TASK INPUTS: Begin
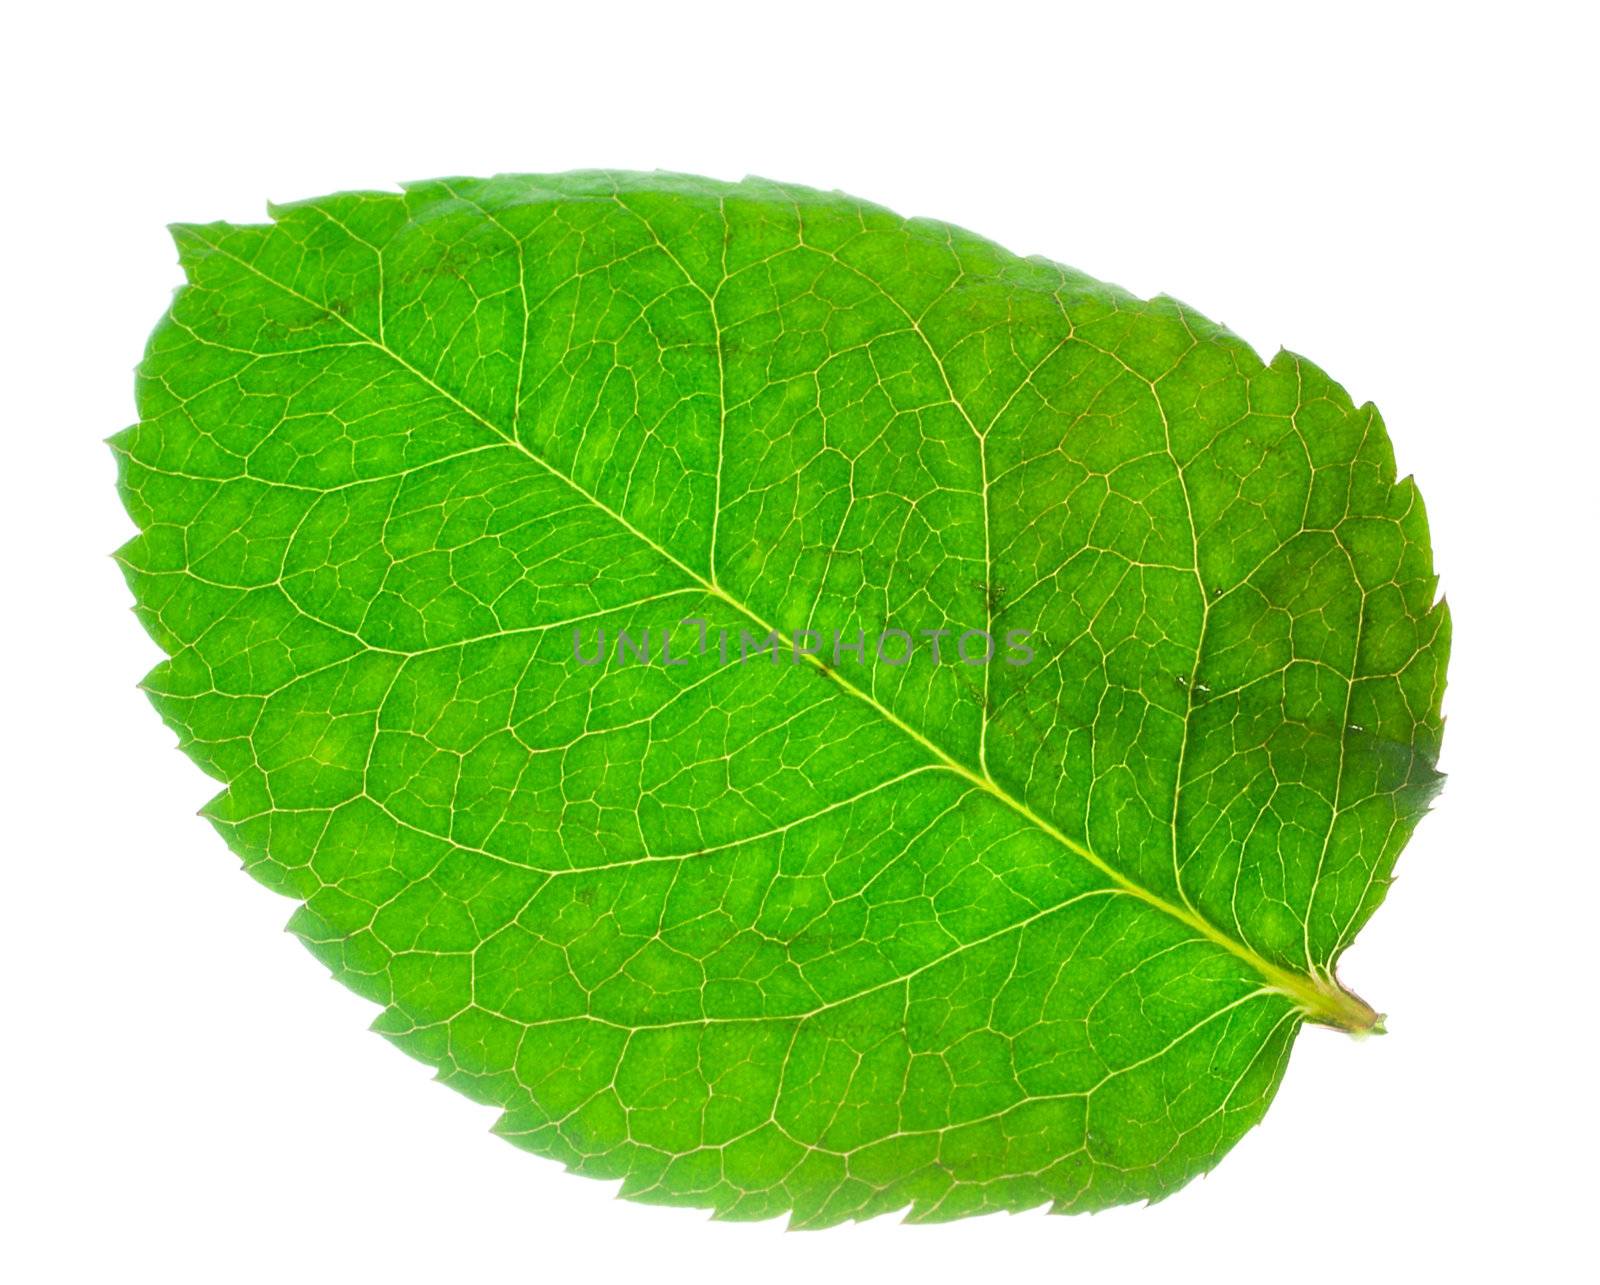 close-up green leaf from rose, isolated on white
TASK INPUTS: End
TASK INPUTS: Begin
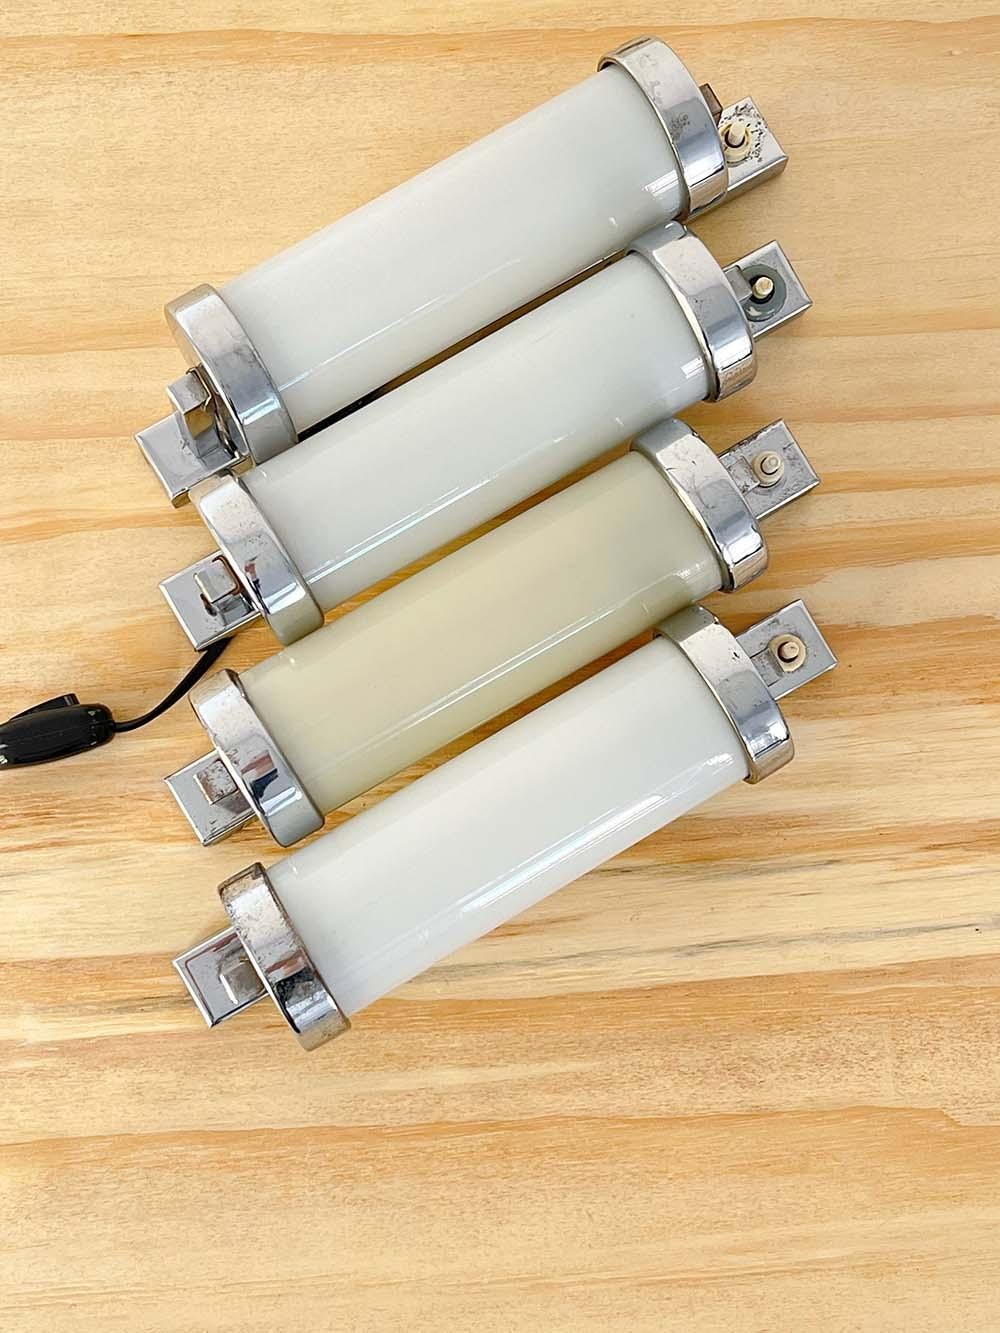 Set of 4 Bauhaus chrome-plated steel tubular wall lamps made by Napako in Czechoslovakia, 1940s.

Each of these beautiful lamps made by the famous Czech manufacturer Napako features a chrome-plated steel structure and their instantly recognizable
TASK INPUTS: End
TASK INPUTS: Begin
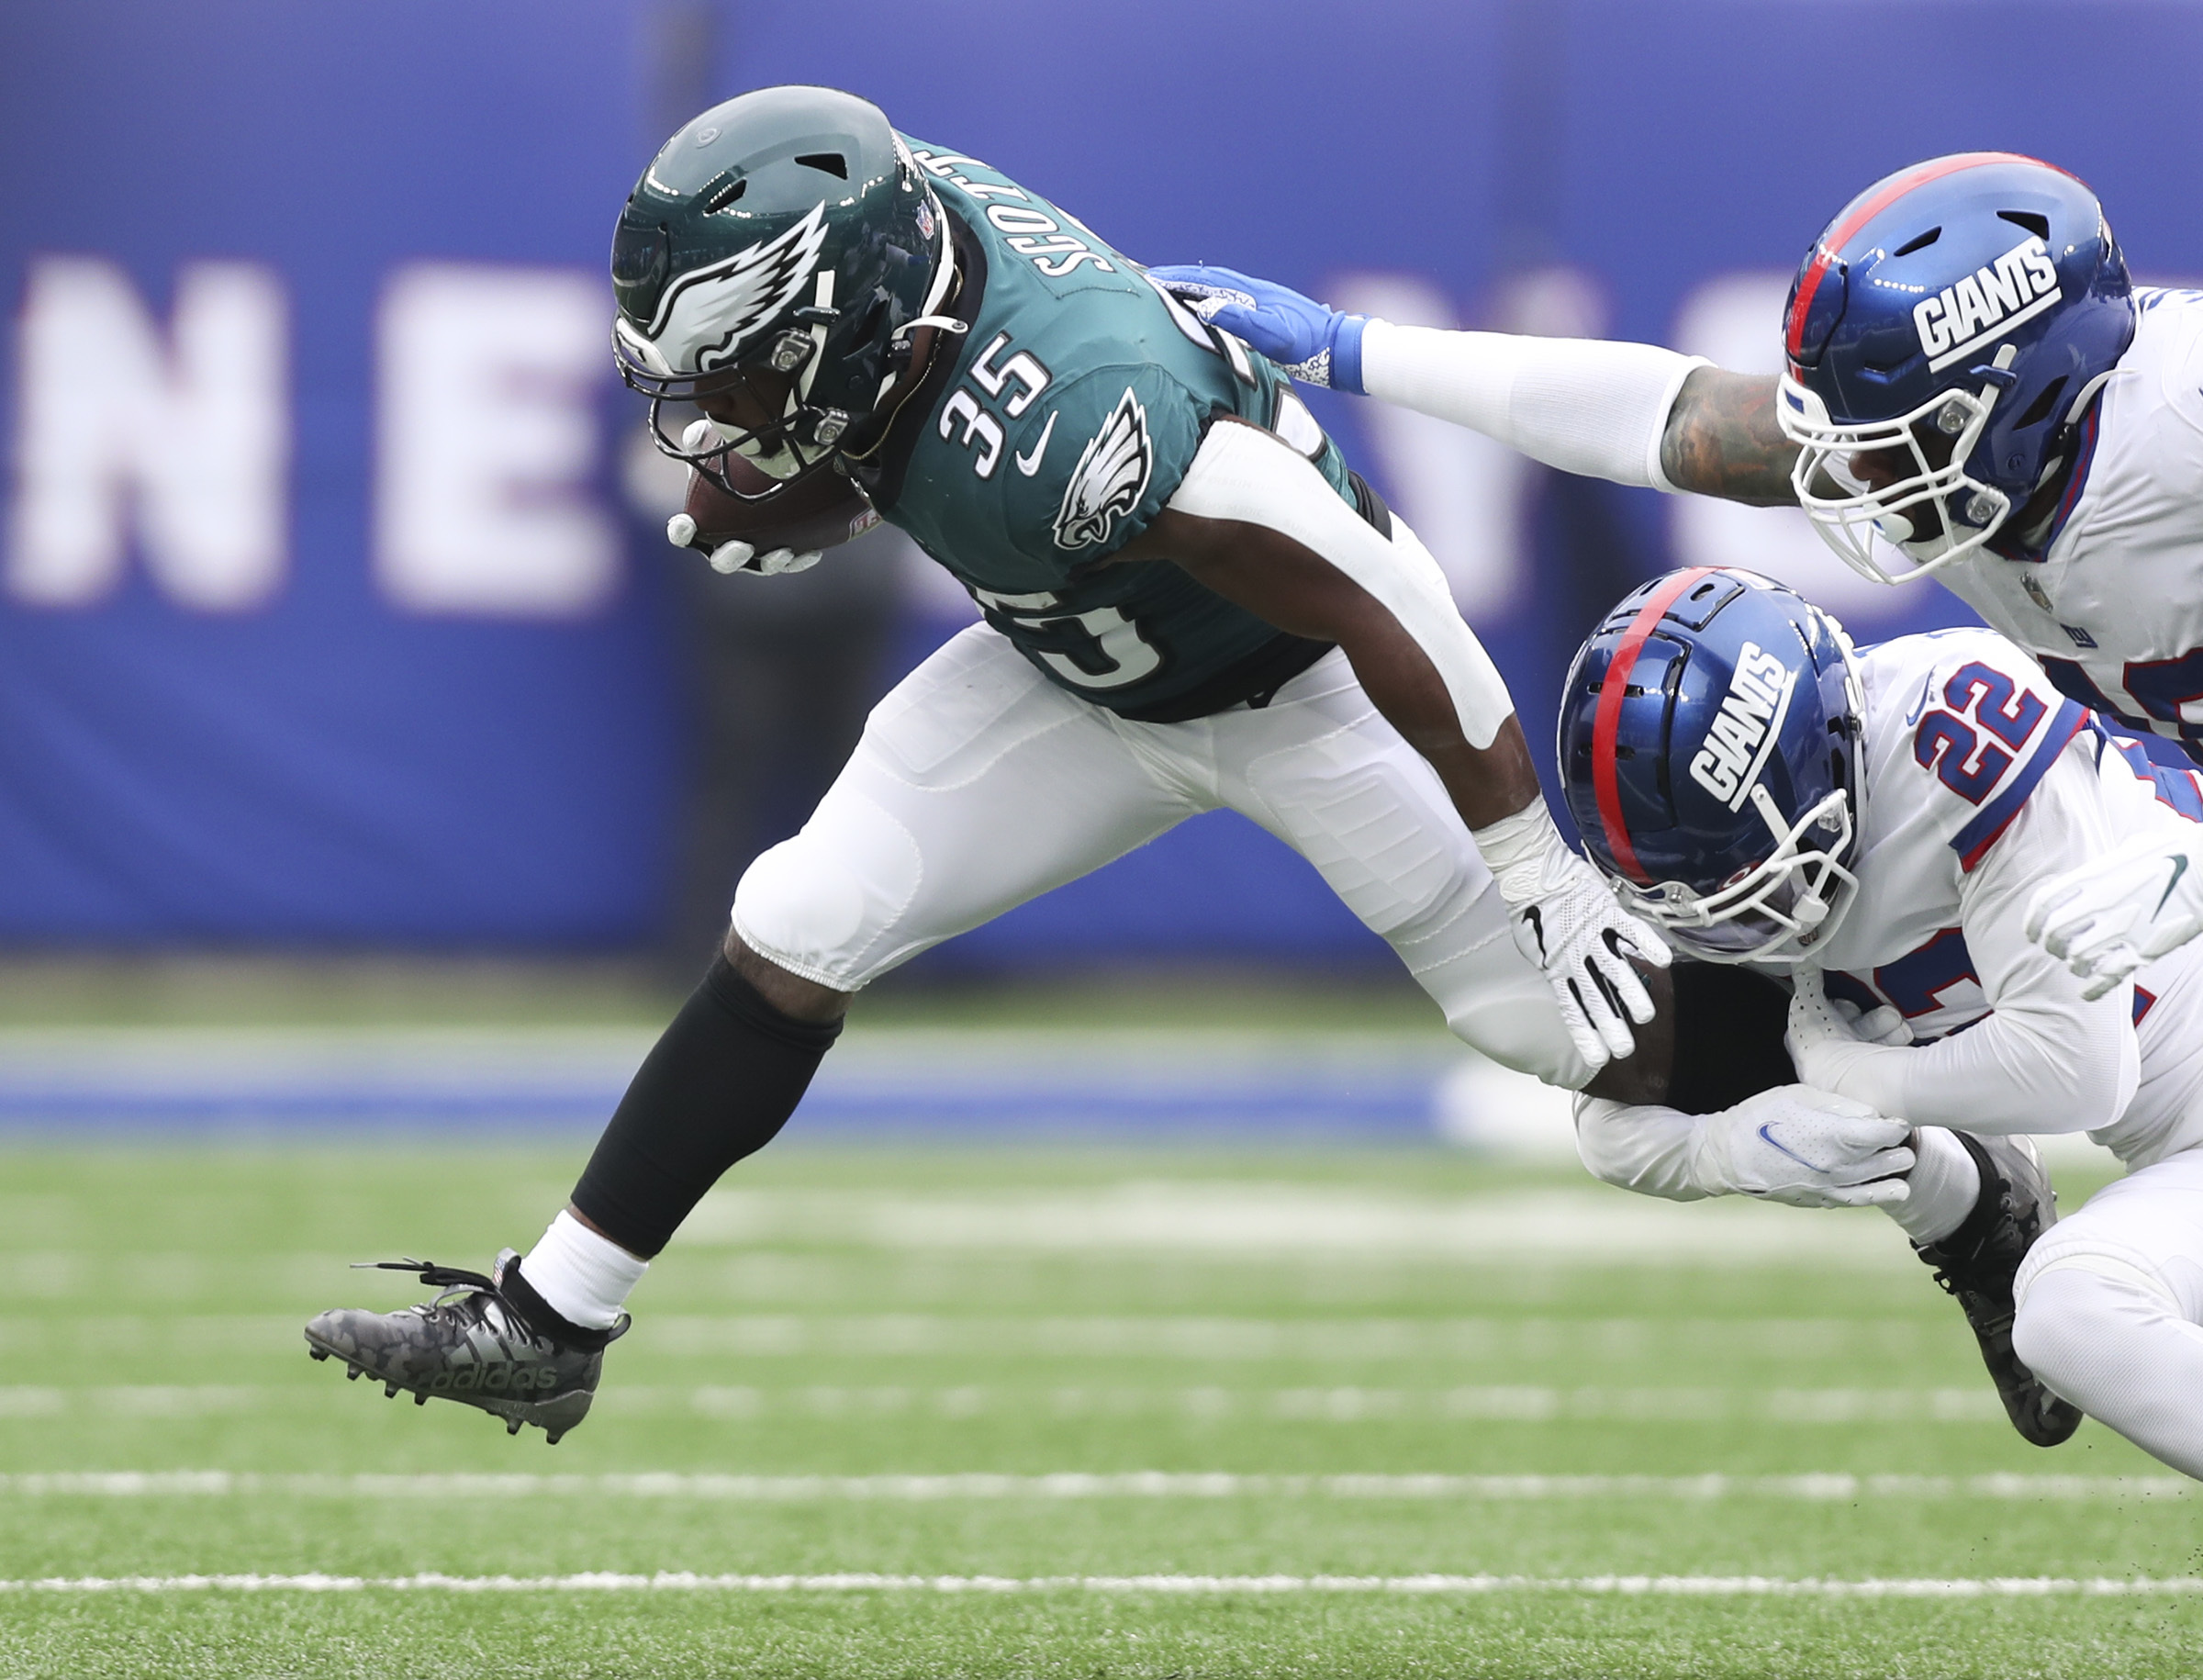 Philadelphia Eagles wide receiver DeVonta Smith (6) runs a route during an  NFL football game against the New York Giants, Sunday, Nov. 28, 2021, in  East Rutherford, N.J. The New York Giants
TASK INPUTS: End
= TASK INSTRUCTIONS =
From the entries above, copy exactly the lines starting at the one with "Set of 4 Bauhaus" and stopping at the one with "Each of these", keeping both ends. Drop the pictures.

= FINISHED EXERCISE =
 Set of 4 Bauhaus chrome-plated steel tubular wall lamps made by Napako in Czechoslovakia, 1940s.

Each of these beautiful lamps made by the famous Czech manufacturer Napako features a chrome-plated steel structure and their instantly recognizable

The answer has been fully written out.